Миссис Гаскарт, похожая на скорбную тень той девушки, что лихо танцевала кадриль на балах, уронила письмо, поднялась на ноги, добрела до колыбели и пару минут взирала на свое дитя с отчаянием. По ее щекам текли слезы.
- Элинор, - дочь барона аккуратно сложила письмо и спрятала его в рукав. – Какое имя вы хотите дать мальчику?
- Гарет, - мрачно прошептала миссис Гаскарт.
- Вы невнимательно читали? – мисс Энн была невозмутима. – Мистер Гаскарт возражает против этого имени. Если вы нарушите его запрет, он может счесть это вызовом, оскорблением, привлечь вас к суду. Семья Говардов и мисс Гаскарт, наверняка поддержат его в этом.
- И что тогда? Будет еще хуже, чем сейчас? – усмехнулась Элинор.
- Пожалуй, будет, - Энн Даттон встала и приблизилась к колыбели. – По какой то, известной вам одной причине, вы скрыли от мужа беременность. Его это, несомненно, насторожит. Мнение доктора о ребенке вы слышали. Мистер Гаскарт может заявить в суде, что не состоял с вами в отношениях до брака, а другие мужчины состояли. Летний скандал забыт, но судьям о нем напомнят, при необходимости. Вычтут из даты рождения ребенка двести восемьдесят дней и вынесут решение, что мистер Гаскарт не отец этого мальчика. За законного ребенка отвечает отец, а за незаконного – мать. Вы останетесь одна, с бастардом на руках. Вам предпишут раздельное проживание без поддержки мужа. Все издержки лягут на вас. Вы потеряете приданое.
- Я не изменяла мужу! - миссис Гаскарт затряслась и разрыдалась. - Богом клянусь!
- Не клянитесь Богом, моя милая, - дочь барона вглядывалась в черты ребенка в колыбели. - Это не к месту.

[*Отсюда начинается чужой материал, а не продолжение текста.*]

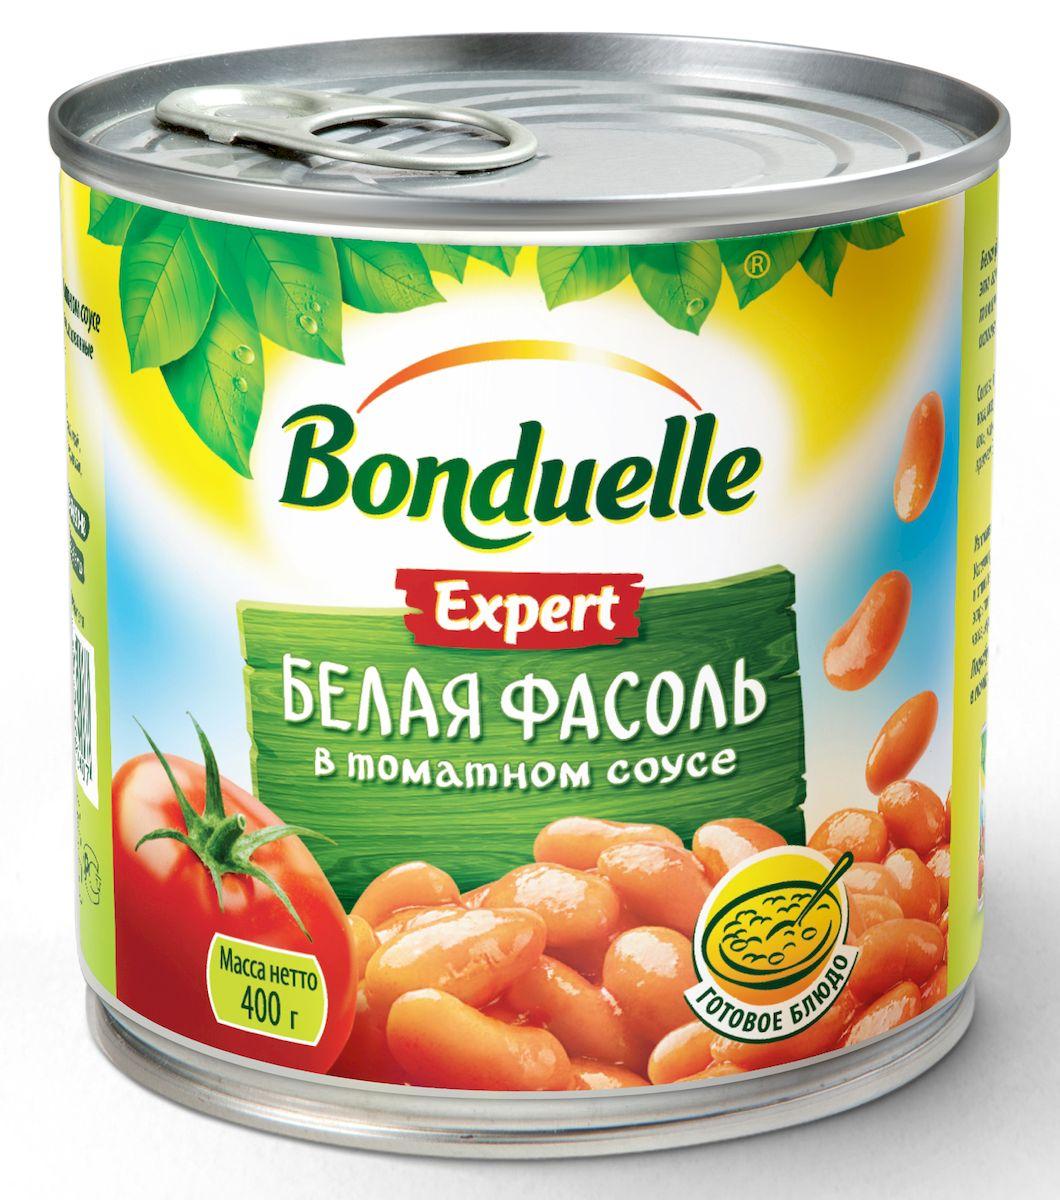 Bonduelle белая фасоль в томатном соусе 400 г

В вашем положении мудрее уповать на Бога, а не клясться им. Речь не об измене, а о преднамеренном обмане до свадьбы. Джентльмены не любят делать наследниками чужих детей. Мистер Гаскарт не джентльмен в прямом смысле этого слова, он фермер. Но и у фермеров имеется гордость, они дорожат своим именем, имуществом и состоянием не меньше знатных господ. Кому по нраву такой позор?
- Как вы смеете, - Элинор смертельно побледнела. - По какому праву…
- По праву матери, моя дорогая, - Энн Даттон смотрела ей прямо в лицо. - По праву вашей матери.
- Моей матери? - миссис Гаскарт опешила. - Вы моя мать?
- Я ваша мать, - мисс Энн не отводила взор. - А вы думаете, почему я присутствую в вашей жизни? Почему в детстве и юности вам посылали приглашения в Шерборн на все лето и праздники? Почему из всех детей я выделяла вас? Из дружбы? Из сочувствия? От скуки?
- Я… - Элинор запиналась. – Вы говорите со мной так жестоко. Разве матери так говорят? Кто мой отец?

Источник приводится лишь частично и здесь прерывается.